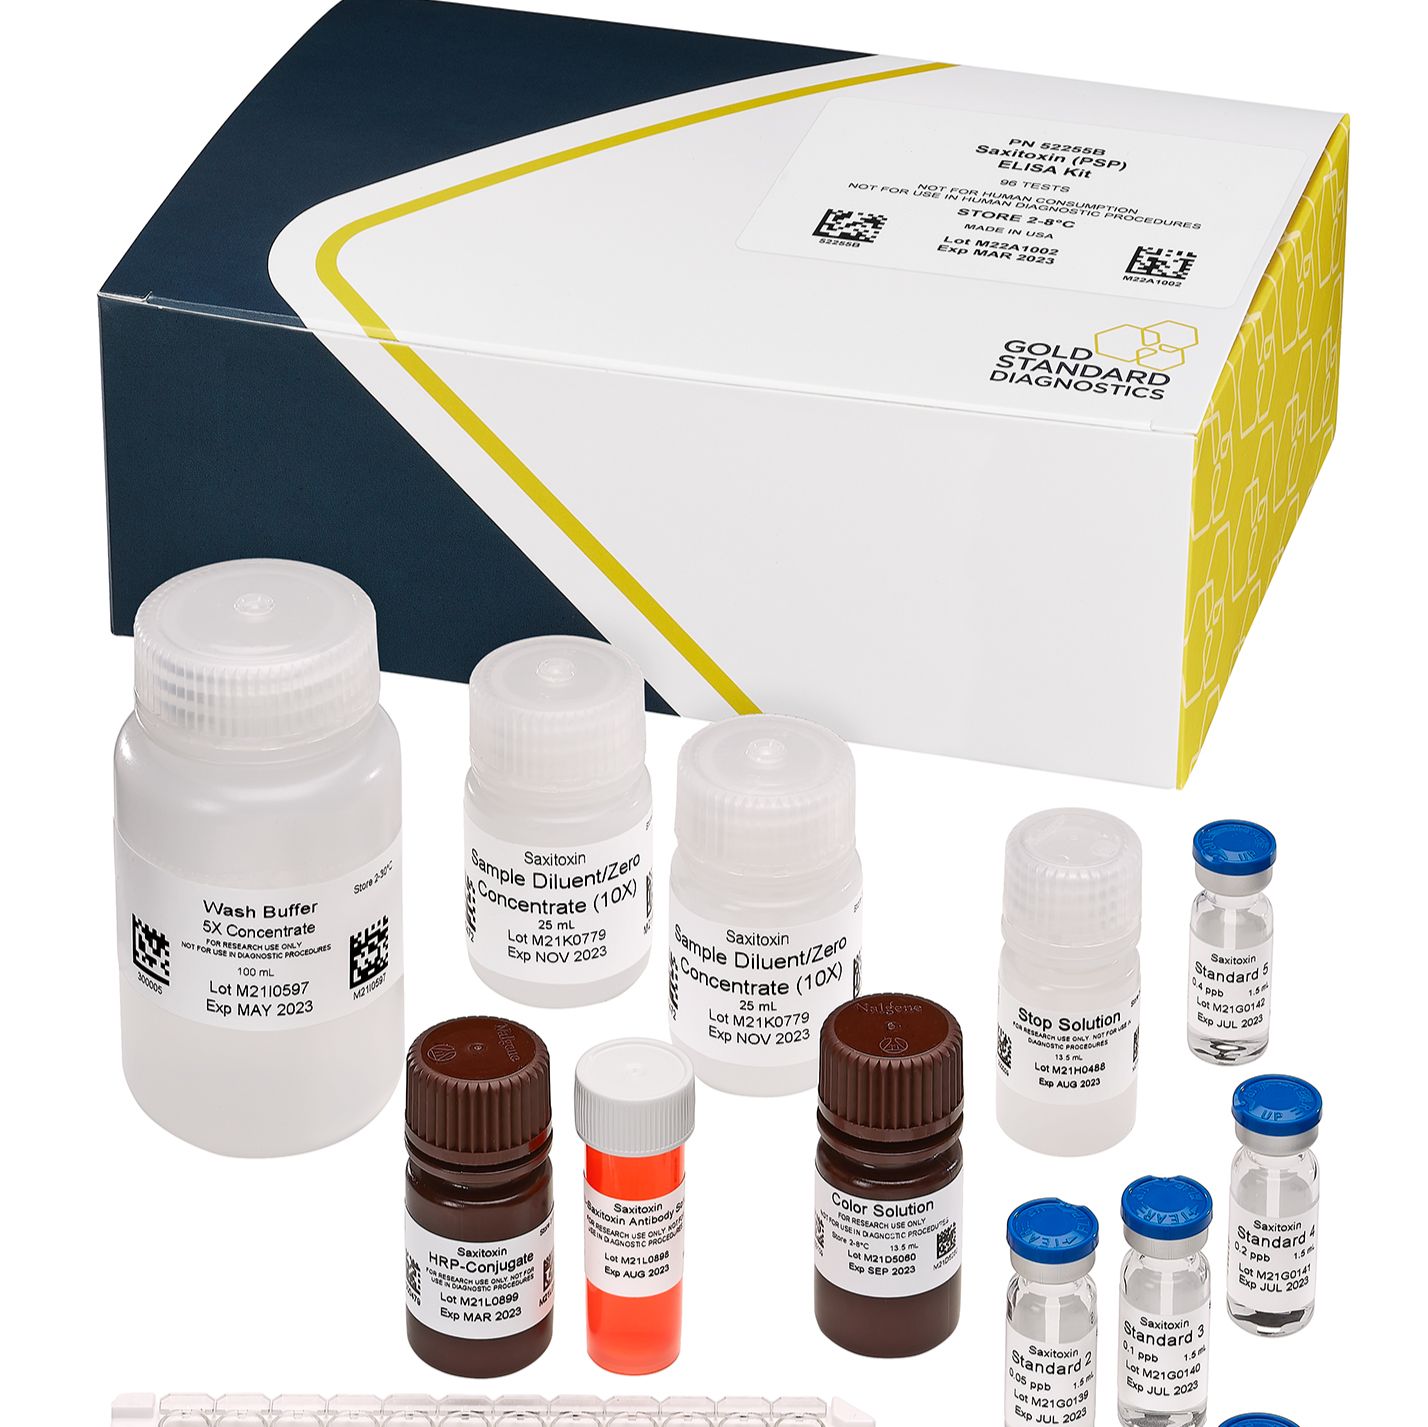 麻痹性贝类毒素(PSP)检测试剂盒
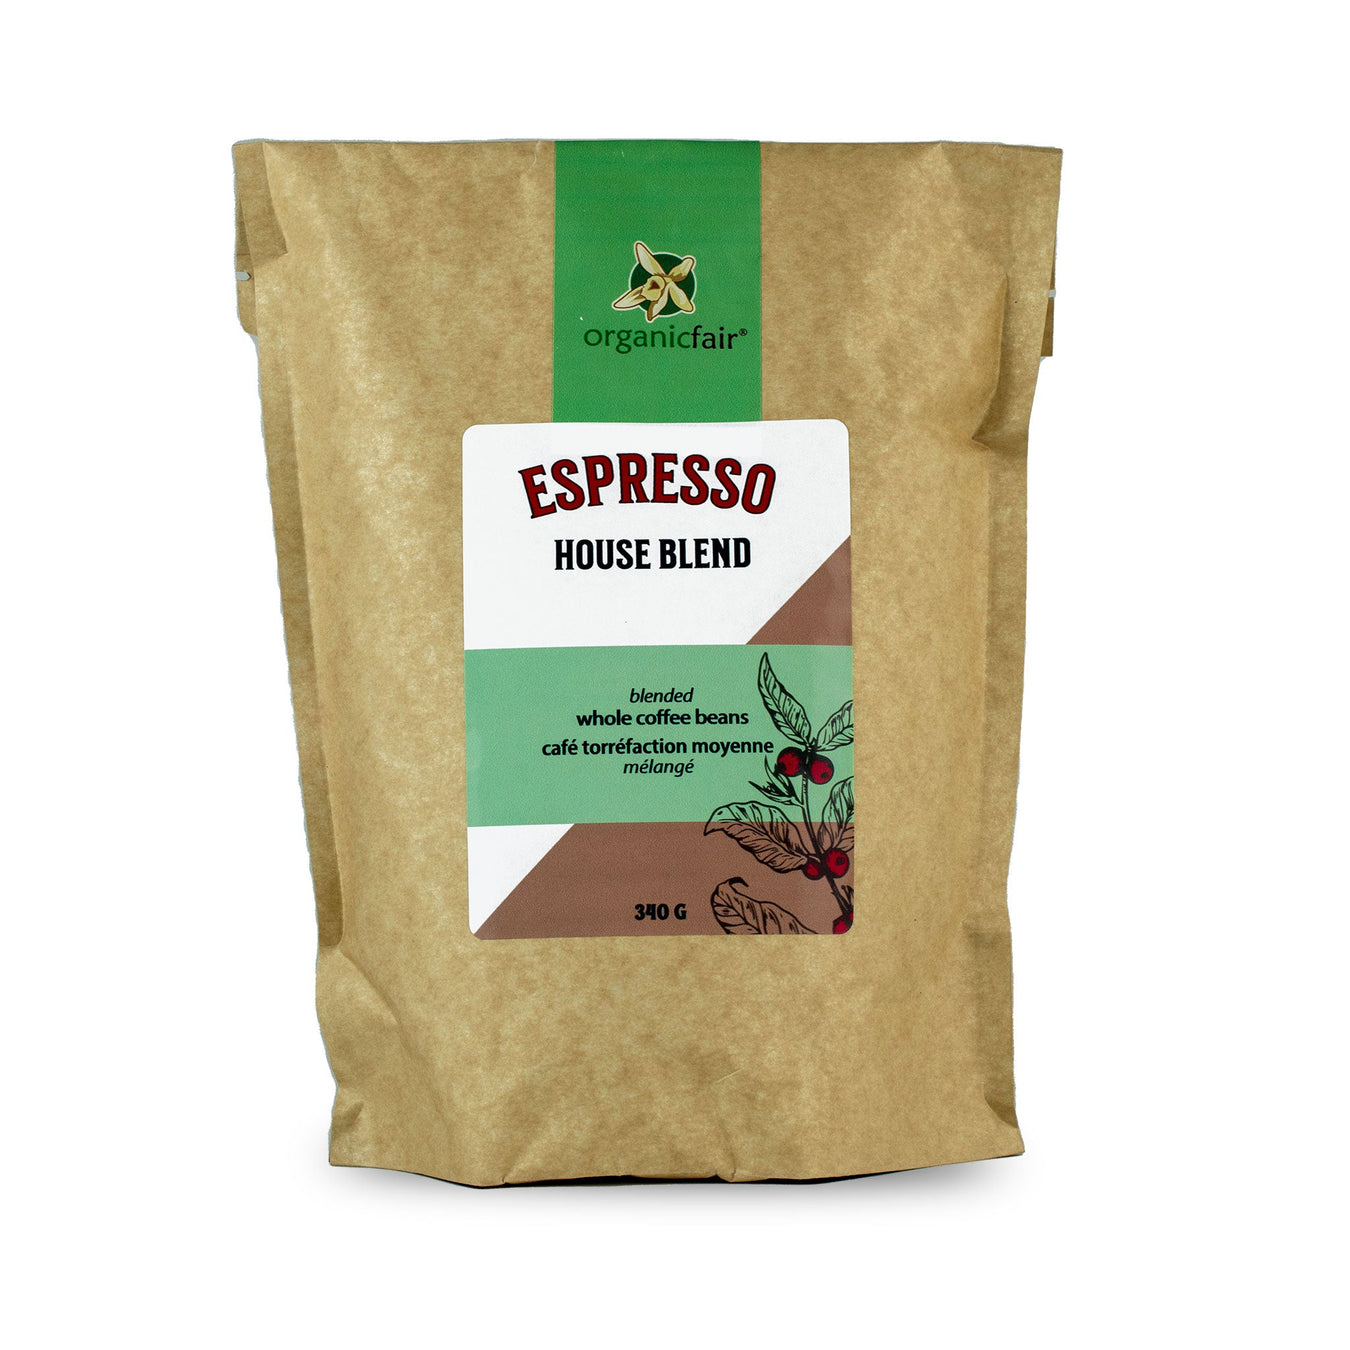 Coffee Beans - Single Origin Coffee and Espresso
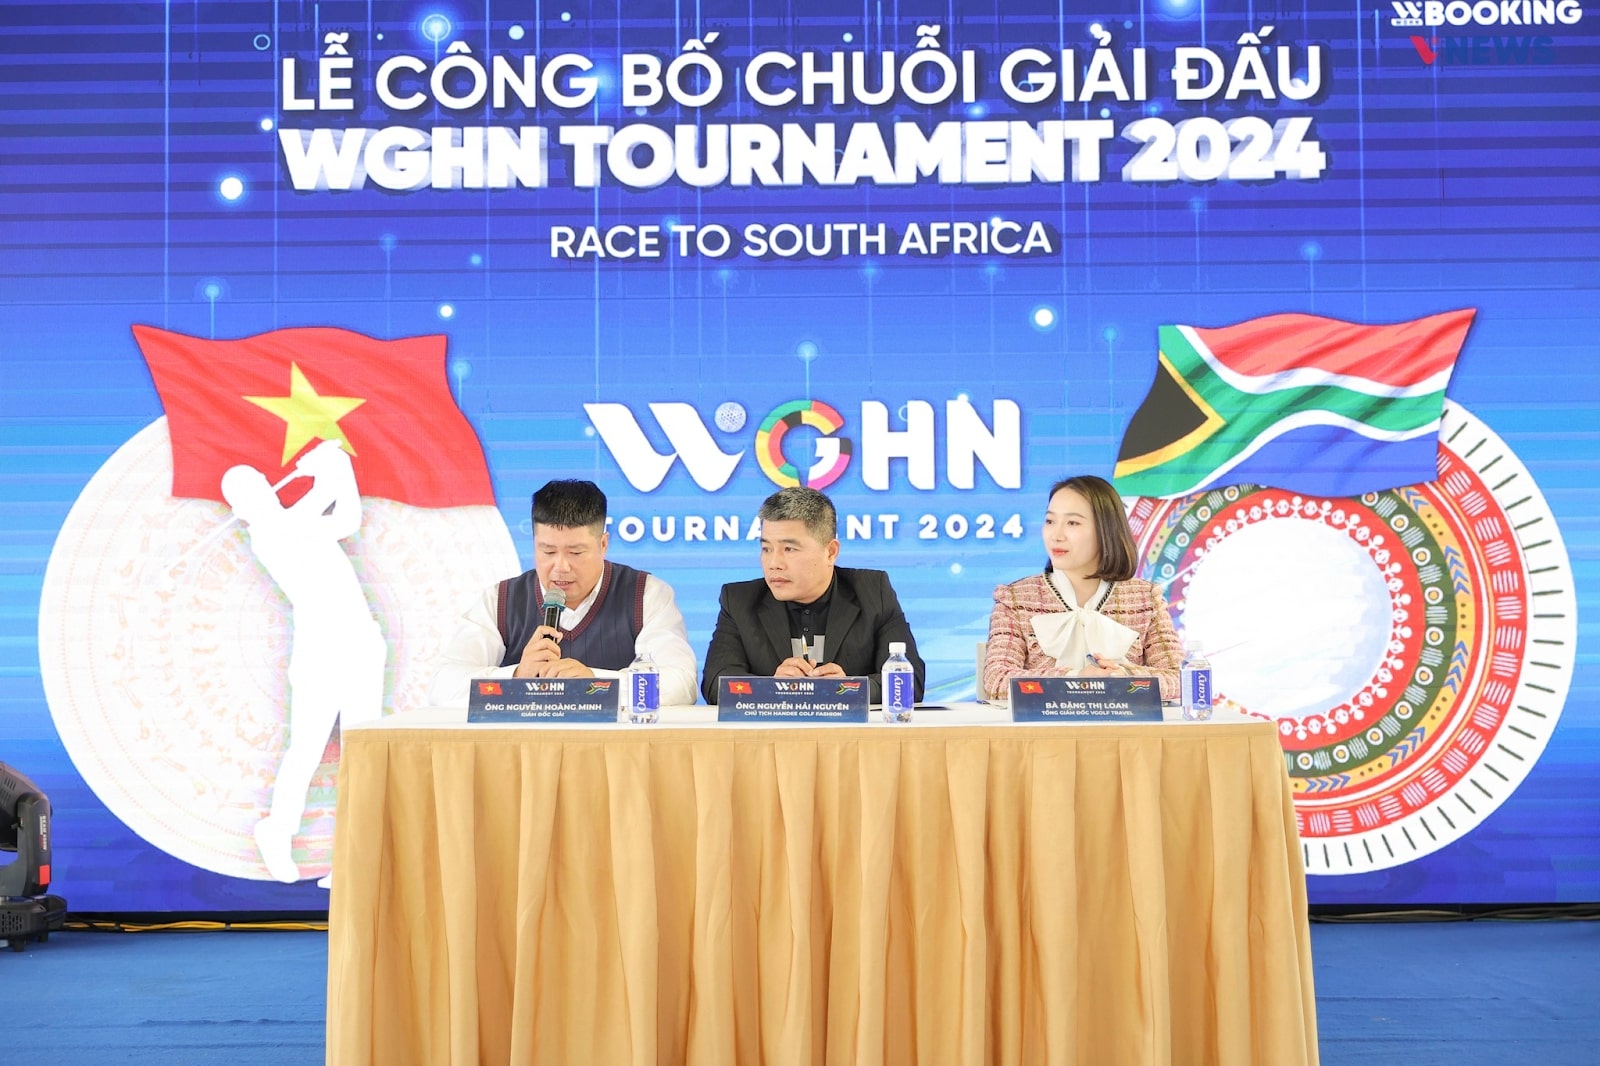 VGolf Travel tự hào là đơn vị tổ chức WGHN Tournament Race to South Africa 2024
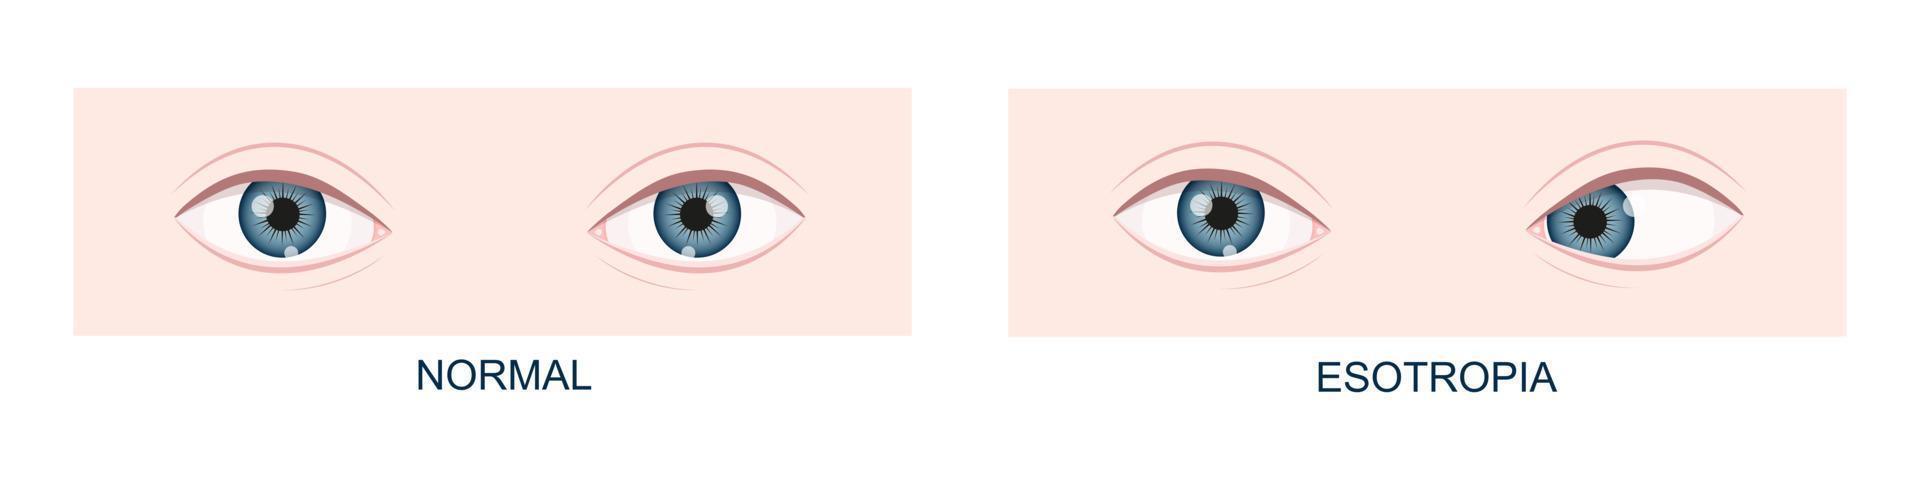 esotropia. estrabismo horizontal antes e depois da cirurgia. desalinhamento ocular, condição vesga. olhos humanos saudáveis e com posição de olhar para dentro. visão dupla vetor
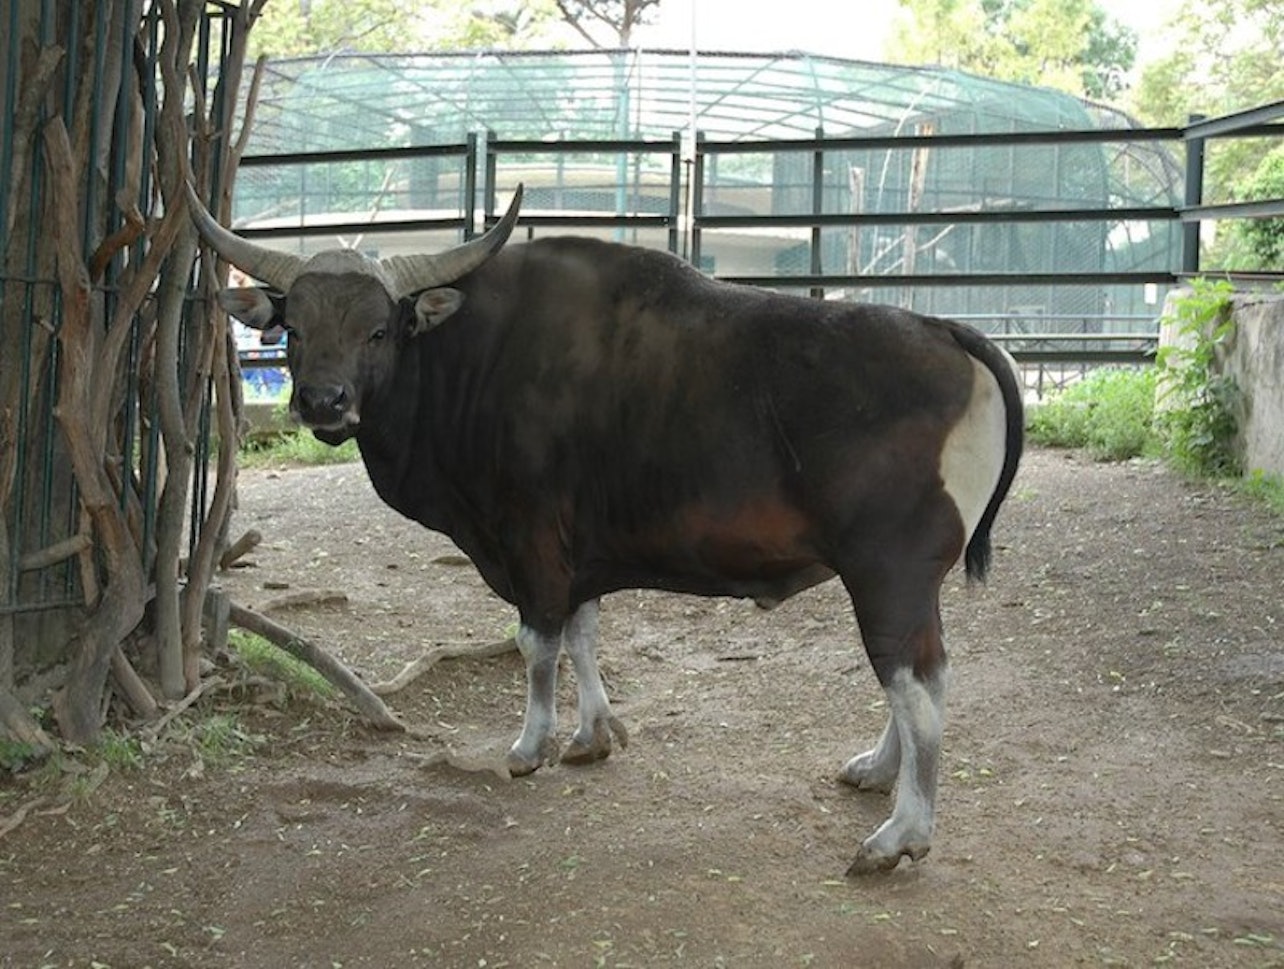 Bioparco: el zoo de Roma - Alojamientos en Roma

────────

- **REQUIRED WORK**
Drop every picture and repeat the rest of the entries exactly.

- **EXERCISE SOLUTION**
 麻痹性贝类毒素(PSP)检测试剂盒
 Coffee Beans - Single Origin Coffee and Espresso
 VGolf Travel tự hào là đơn vị tổ chức WGHN Tournament Race to South Africa 2024
 esotropia. estrabismo horizontal antes e depois da cirurgia. desalinhamento ocular, condição vesga. olhos humanos saudáveis e com posição de olhar para dentro. visão dupla vetor
 Bioparco: el zoo de Roma - Alojamientos en Roma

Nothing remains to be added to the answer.